[SinkingTako]

(see attached ) for this reaction, the reaction of A proceeds competitively towards product B and C. where B is the kinetic product and C is the thermodynamic product.

B    A C

the various rates are given:
k1=1
k-1=0.01
k2=0.1
k-2=0.0005(min-1 )

estimate the product ratio B/C in the 1st 4minutes of the reaction.

I have absolutely no idea. thinking along the lines of steady state (forward rate =backward rate). however reaction is not in equilibrium,  so I'm really confused... Thank-you!

[curiouscat]

Well, show your attempt.

If I were to guess I'd say 10:1

[SinkingTako]

Oh okay. So for reaction A B, rate=k1[A]= [itex]\frac{d[B ]}{dt}[/itex]

Then same for reaction A   C, rate=k2[A]= [itex]\frac{d[C]}{dt}[/itex]


So [itex]\frac{d[B ]}{d[C]}=\frac{B}{C}=\frac{k_1}{k_2}=10[/itex]


However, does this not consider the backward reaction that is always taking place too? So while A B, wouldn't B   A happen at the same time? Albeit the backward rate is quite slow, how to account for this?

Also I don't really get the thing about the 4 minutes. Why 4 minutes??? How will it affect... The second part of the problem states that estimate the product ratio B/C after 4days (when supposedly the reaction is in equilibrium... but how could one know?)

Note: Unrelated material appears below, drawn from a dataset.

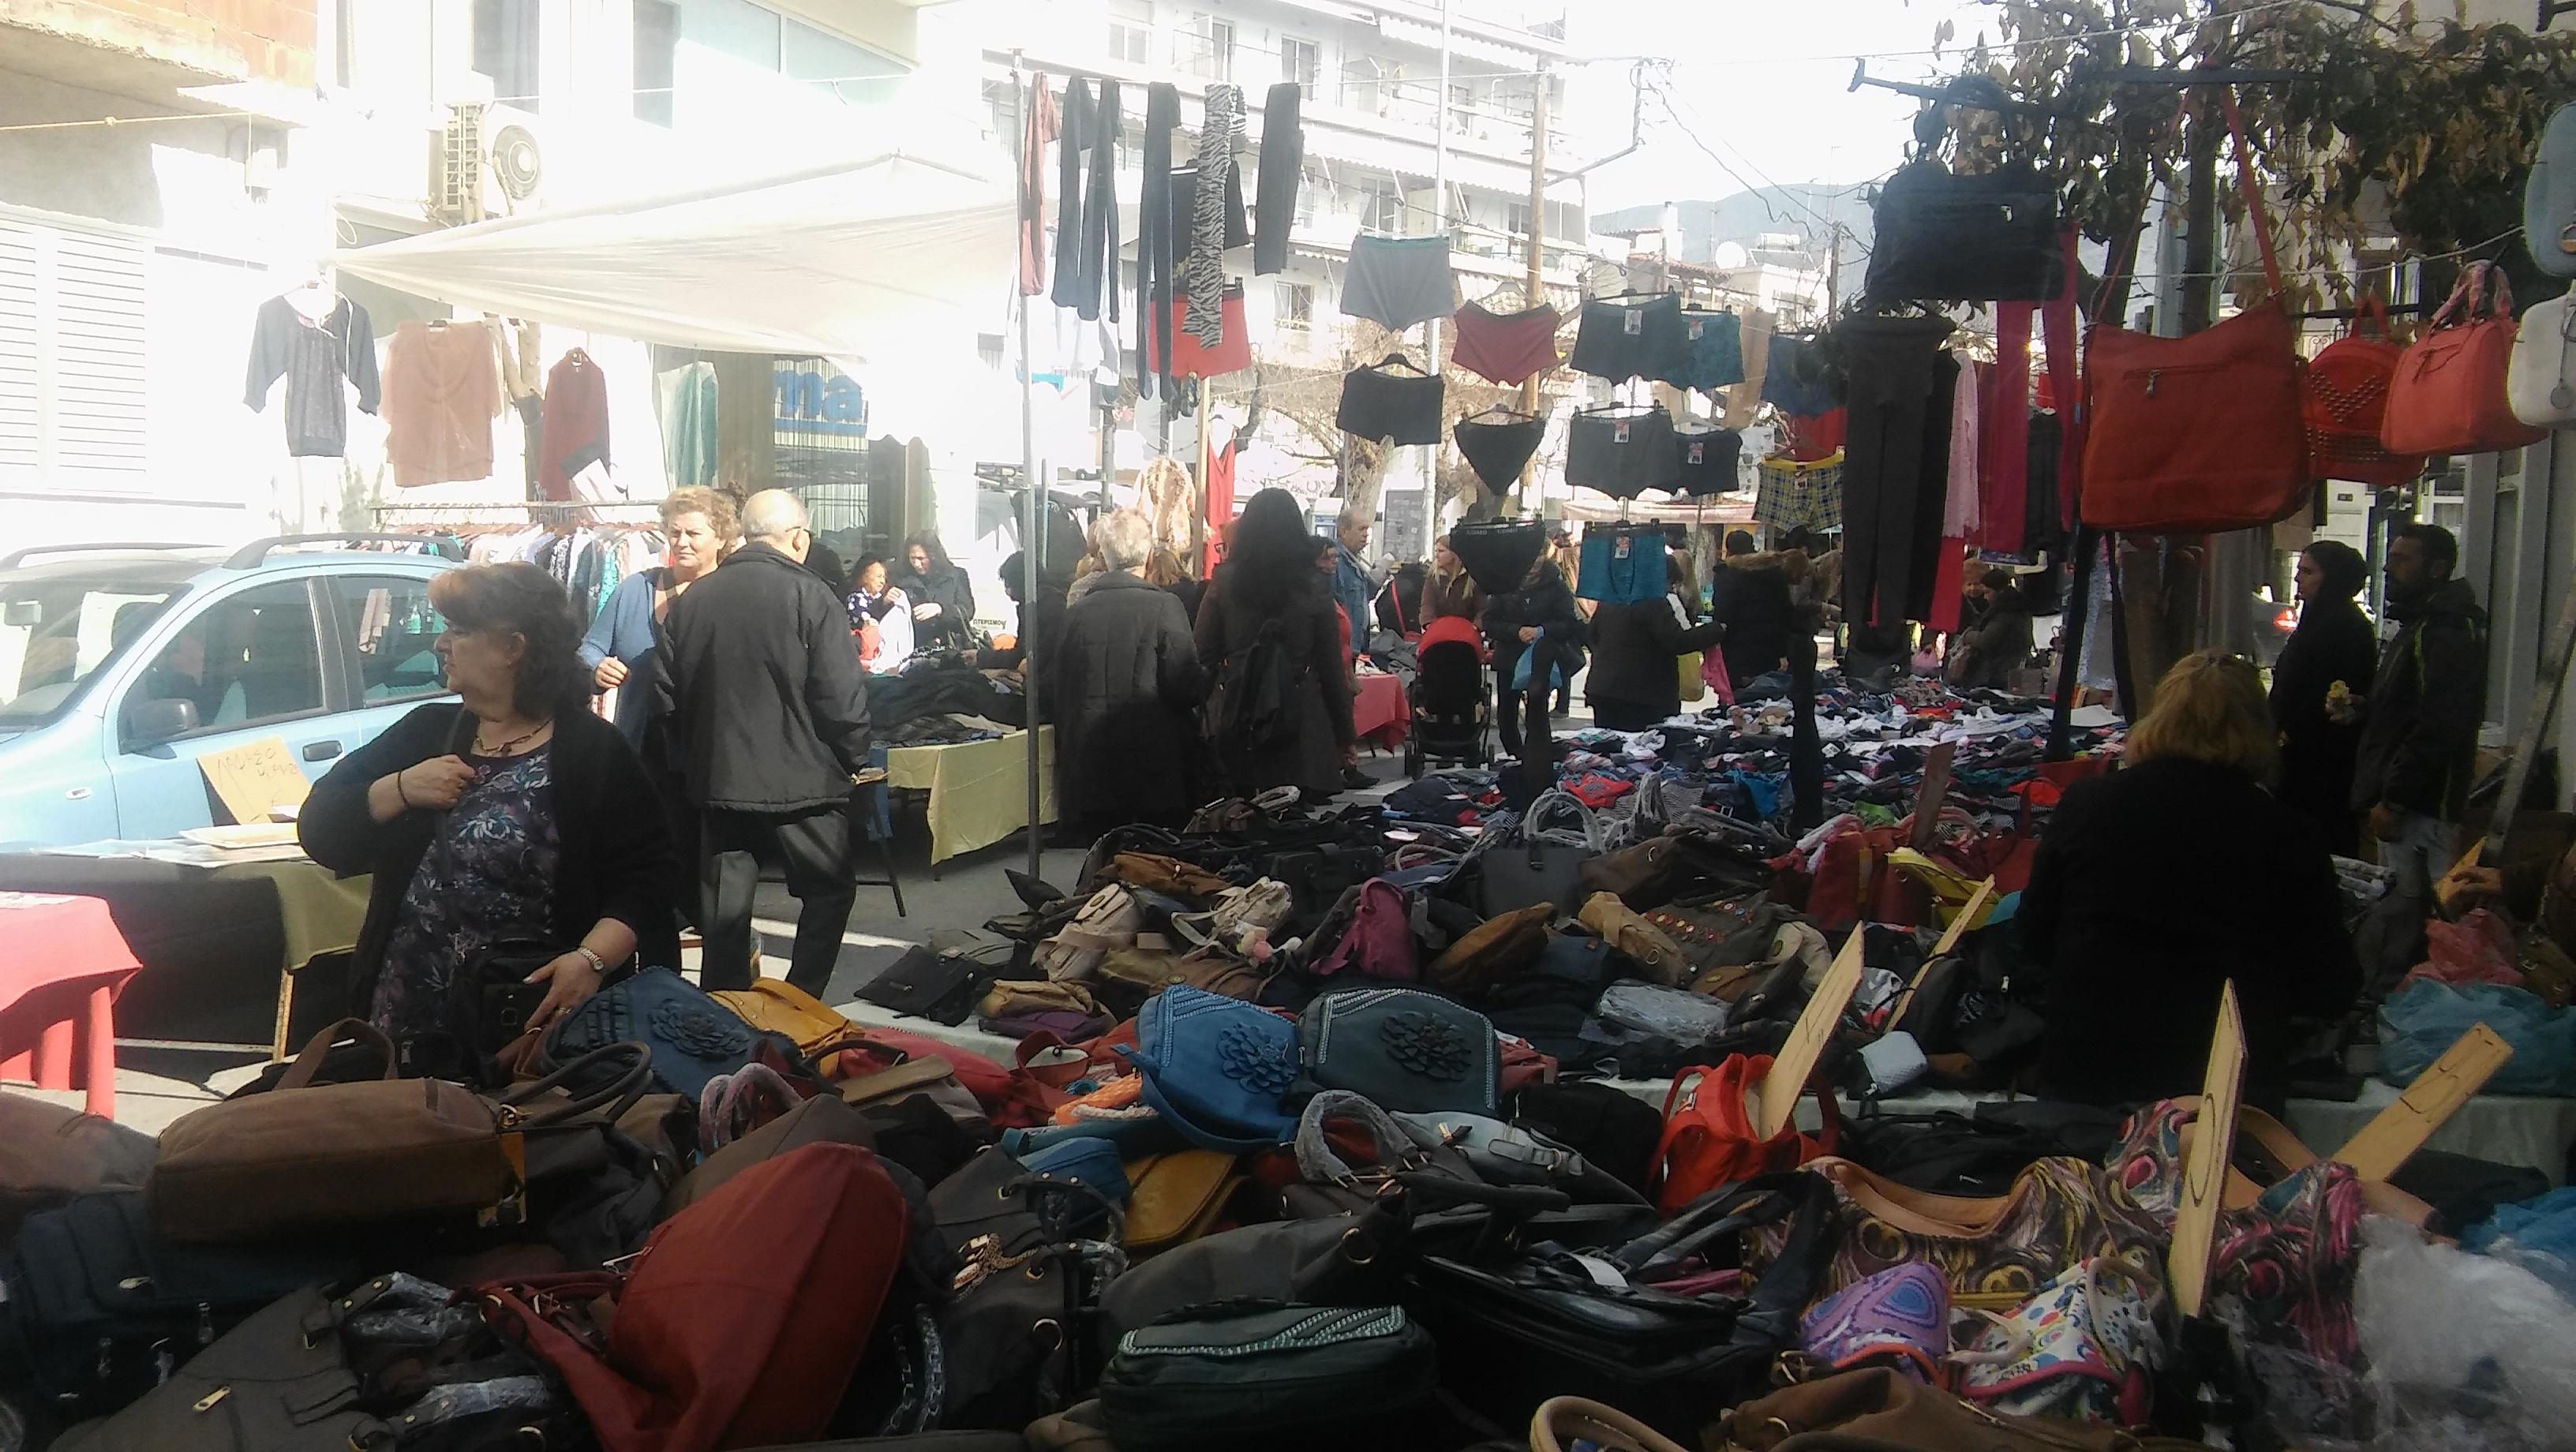 75db1df99882 Kατακόρυφη μείωση ζήτησης ρούχων στις λαϊκές αγορές του Βόλου - e ...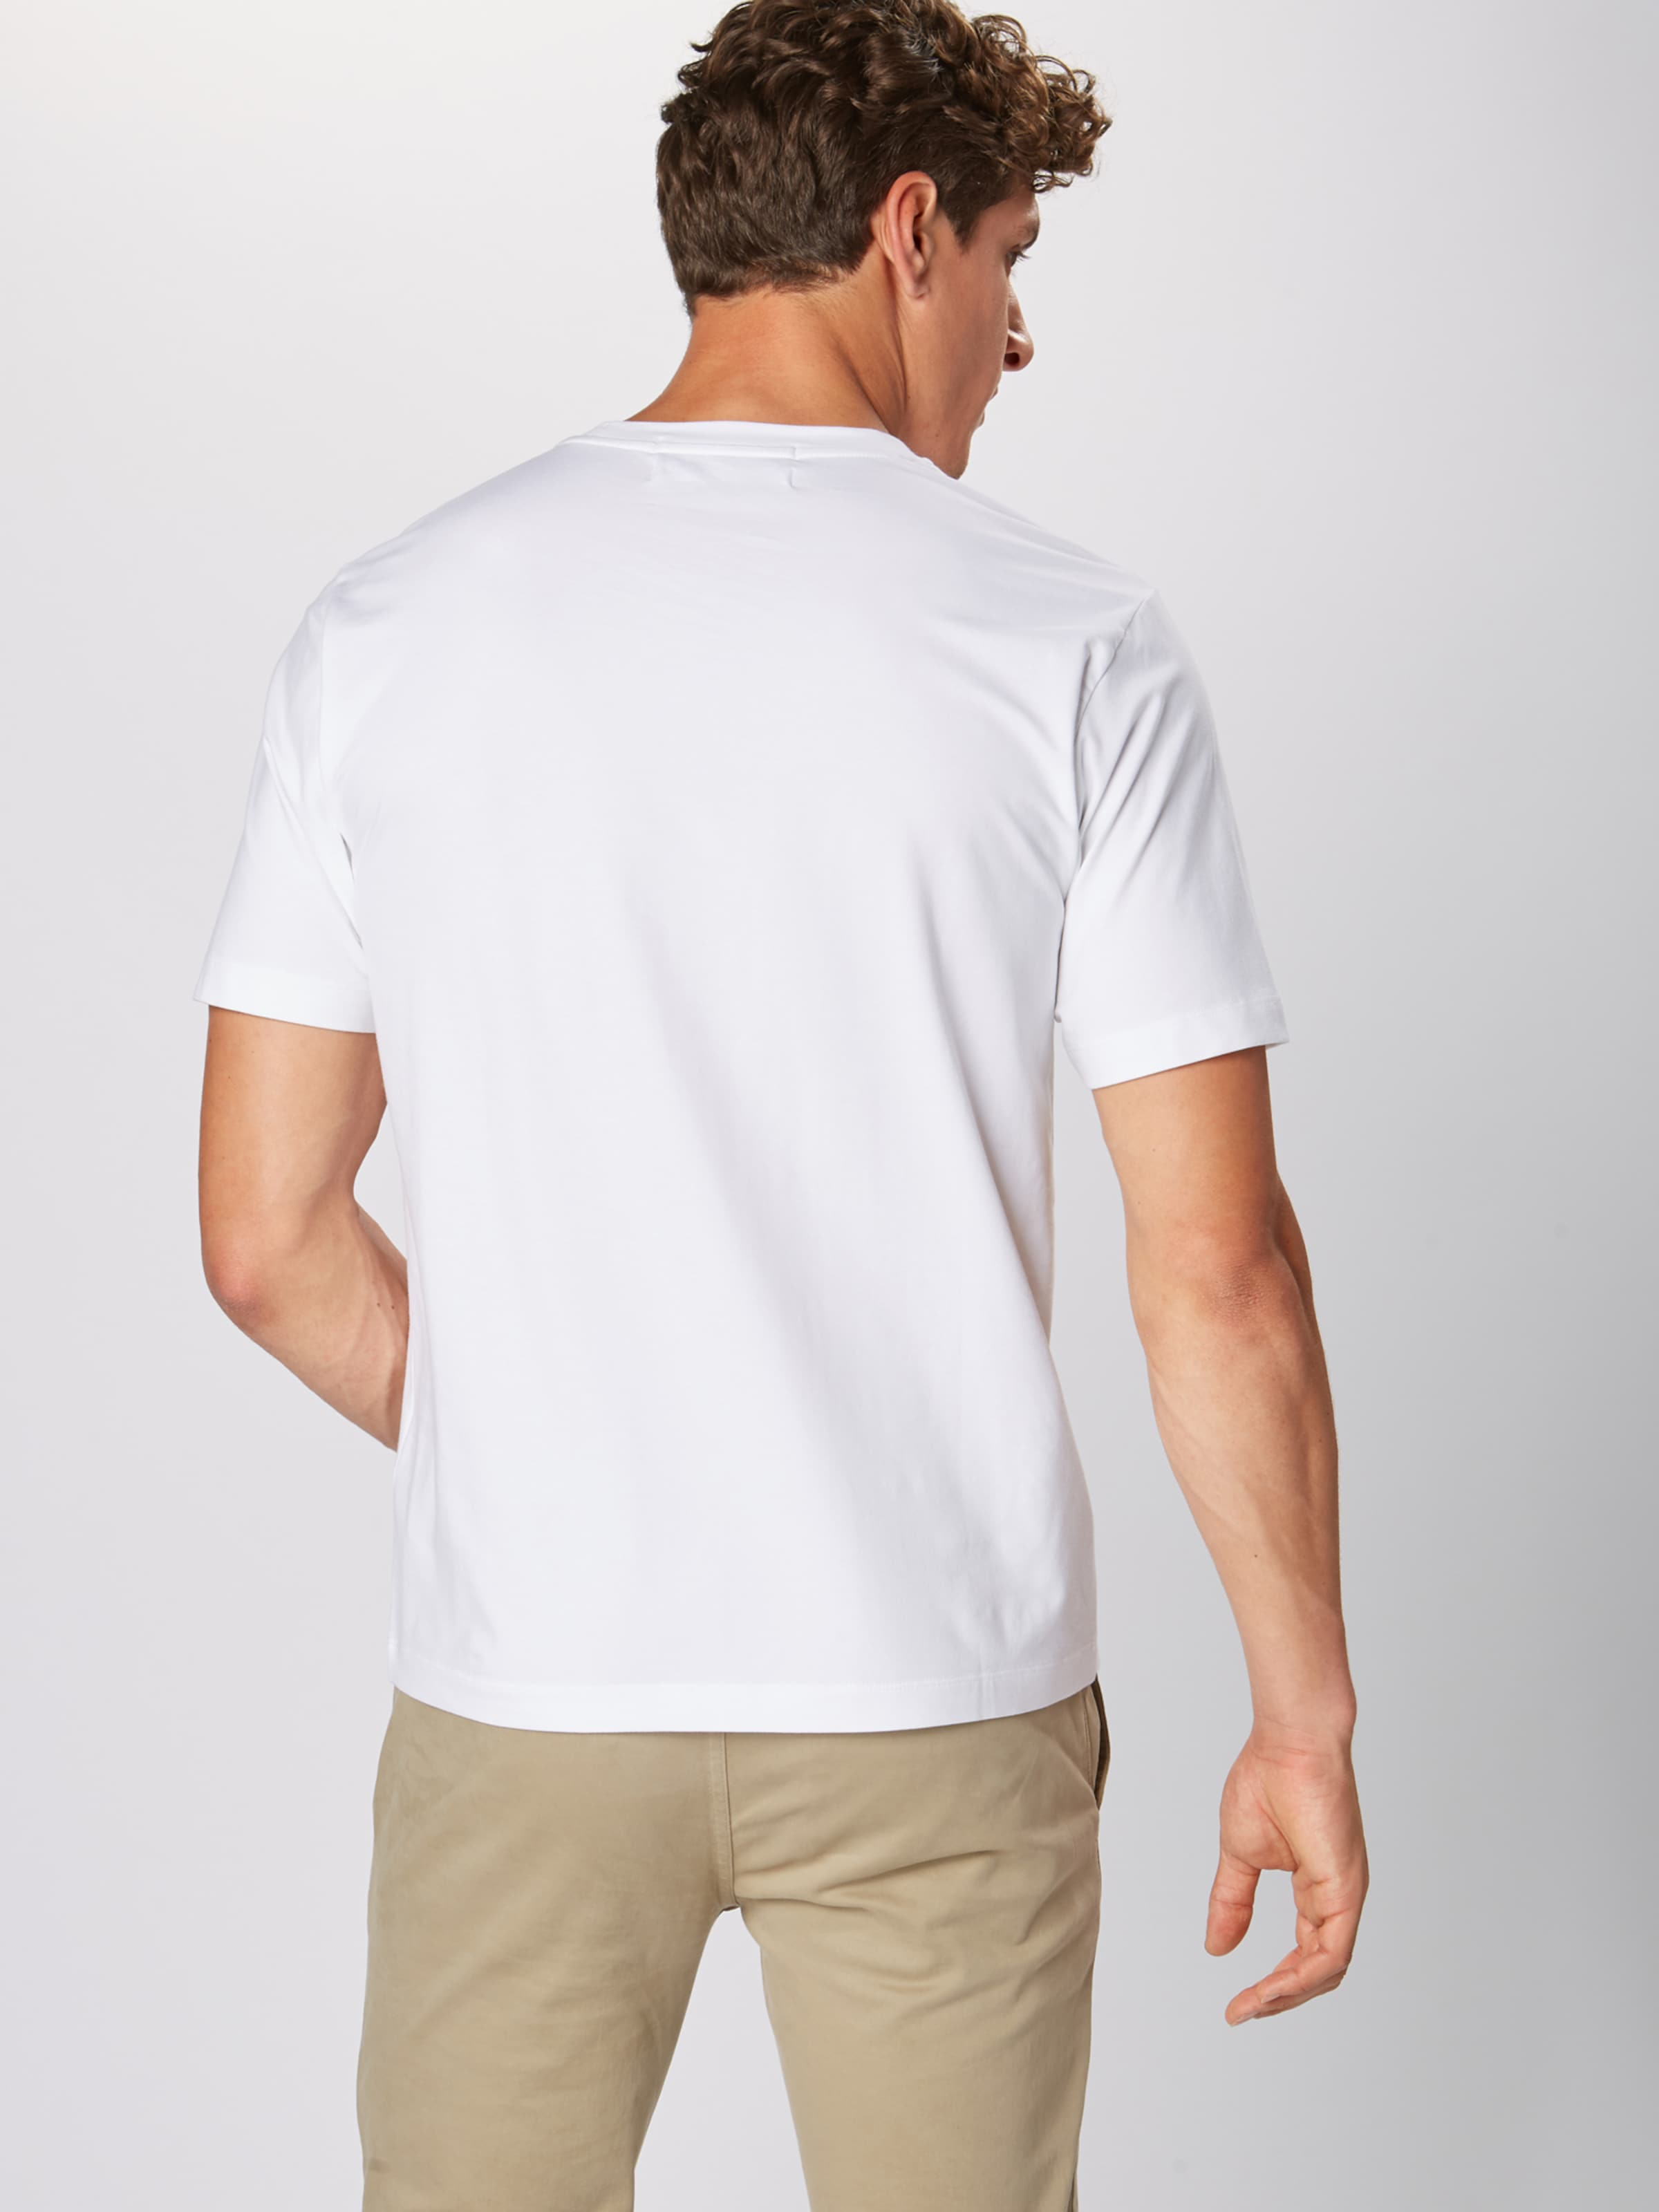 Calvin Jeans Weiß shirt T Klein In 0wOmvnN8

Sorry, I'm really noob... Thank yoU!

[curiouscat]

At large times, assume equilibrium prevails:

[tex]

\frac{[ B]}{[A]}=100 \\
\frac{[C]}{[A]}=200 \\

\therefore \frac{[ B]}{[C]}=0.5 \\
[/tex]

However, does this not consider the backward reaction that is always taking place too? So while A  B, wouldn't B   A happen at the same time? Albeit the backward rate is quite slow, how to account for this?

Yes. By using math.

The full solution is given by simultanously solving the pair of ODE's as an initial value problem:

[tex]
\frac{dB}{dt}=k_1c_A - k_{-1} c_B\\
\frac{dC}{dt}=k_2c_A - k_{-2} c_C\\
[/tex]

At all times
[tex]
\begin{align} [A]_0 = [A] + [ B] + [C]  \end{align}
[/tex]

Sorry, I don't have a CAS package handy and am too lazy to solve this by hand.

[SinkingTako]

Oh. So just assume time is short its initial rate then if its after a few days the reactionwill be in equilibrum...Thanks! I haven't learnt differential equations yet so will try to figure out that later on: P thanks again!

[curiouscat]

Oh. So just assume time is short its initial rate then if its after a few days the reactionwill be in equilibrum...Thanks! I haven't learnt differential equations yet so will try to figure out that later on: P thanks again!

I suppose so. Unless there's some other way to do it.